Renovation Awaits at North West Football Locker Room, Lower Level of Lamkin Activity Center | Sports


There is a room that is on the ground floor of the Lamkin Activity Center, a room that houses almost all of the equipment used by Northwest Athletics, including all of the team uniforms and the washers and dryers used to clean them .

In the fall of 2016, in the middle of drying a load of laundry, a small fire broke out. While no major damage was done, it did open the directors’ eyes to some issues not just in this room, but in Lamkin as a whole.

“We quickly realized that we shouldn’t code. There are significant issues with that,” North West athletic director Andy Peterson said. “So to do that we had to stretch out in the football locker room about 3 feet. Coach (Rich) Wright was the new head coach – he hadn’t been the head coach for very long – he obviously agreed, just sort of with the understanding that it was the first domino to a lot, which meant we’re going to dig into the lower level Lamkin.

That was over four years ago, but maybe a fire is prompting a downstairs renovation at Lamkin, which totals nearly $1.5 million. Northwest’s board of directors approved a contract to build the Northwest football program locker room on March 18, including a memo that the contract was not to exceed the $1.5 million mark. The completion date for the renovations is set for July 30, so construction will begin in the first weeks of April.

North West football coach Rich Wright has been at the forefront of the fundraising operation, which is about $100,000 short of the aforementioned goal. However, he is not just raising funds for another football dressing room facelift. His efforts, and those of all, will go towards more than Lamkin visitors can see.

“The real underlying issues are some of Lamkin’s guts,” Wright said. “You have HVAC issues, plumbing issues there. We have electrical problems. … It became a fundraising deal, not just – so to speak – putting lipstick on the pig.

Peterson said about two-thirds of the donations will go to things that most people in the building will never know have been changed.

“The main issues remain infrastructure,” Peterson said. “I mean, it’s a basement; it was built in 1960. Obviously, it has been widely used since then.

The purpose of the project is, in part, to completely revamp the football dressing room, but that’s mostly because it makes more sense to start there with Lamkin’s overall alteration plan. The swelling, Peterson said, starts with the football setup. It would make no sense to fix anything else before fixing the root of the problems, he said.

None of the changes are funded by the University, although some of the issues addressed are outside the athletics budget. Wright knows it’s not just his football players who will benefit from the money he’s raised. The people who donated know that too, although most of them are alumni of the football program, Wright said.

Most of the donations come from former players, some dating back to 2017, Wright recalled. The further away the alumni were, Wright said, the greater the donations.

As a Division II athletics department, athletics doesn’t have the luxury of brand new facilities, so Peterson is beginning a multi-phase renovation with some of the larger parts.

“It’s not just football stuff; that’s all in the equipment room. So all of these things will be better maintained and protected,” Peterson said. “We don’t have resources floating around endlessly, where we can just go and get what we want. When we receive things, we have to take care of them.

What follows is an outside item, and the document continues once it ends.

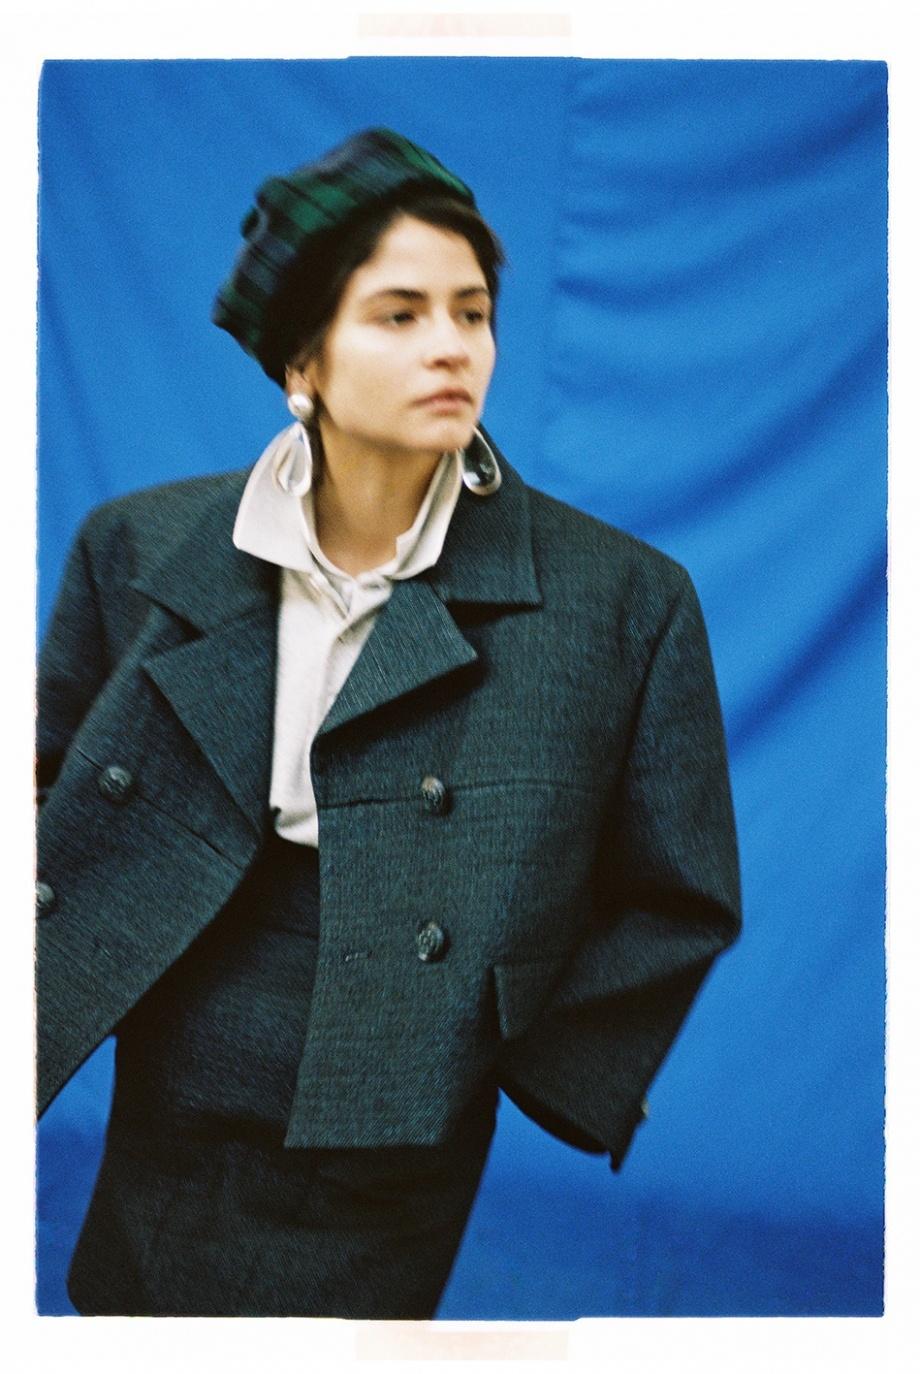 Vogue雜志葡萄牙版2018年四月刊時尚大片攝影師Branislav Simoncik攝影

The renovation is also intended to provide modern housing for football players, given that no changes have been made to the locker room since Peterson attended Northwest as a men’s basketball player from 2003 to 2008. what would have changed, he said, was the addition of rugs in the locker room in 2006 and possibly a fresh coat of paint.

“We removed 11 of their lockers for the laundry room expansion, so they have – out of a roster of 148 guys – over 40 who share lockers,” Peterson said. “It’s not that bad, but it’s when you’re trying to prevent mold from being a problem on the cushions and in the lockers with the lack of ventilation.”

“When you think about the evolution of technology, we’re the e-campus, but no one can plug in their phone. No one could plug in their laptop. There are very few ports there,” said Wright, who has been in that same locker room since joining Northwest as a graduate assistant in 1995. “There’s no direct venting; it smells bad there because you have humidity problems.

For Wright and his players, the locker room isn’t just a place to change before and after competition. About 95% of Northwest football players live off campus, Wright said. That, coupled with the fact that most student-athletes aren’t too close to their hometown, means the locker room is a space Wright hopes to call home.

“The locker room kind of becomes their home during the day,” Wright said. “They can hang out and bond together; in any team sport, this is important. … Being able to provide these guys with a place to interact becomes paramount.

Northwestern football has a joint practice with Sioux Falls on April 16 in Maryville, but Wright said the last day in his space will be April 8.

Although it only directly benefits the football team at this time, the next phase of the Lamkin project involves taking care of the training facilities and weight room, which are used by every student-athlete.

“It’s just, we have to start somewhere,” Peterson said. “It was the first bite of the elephant we took.”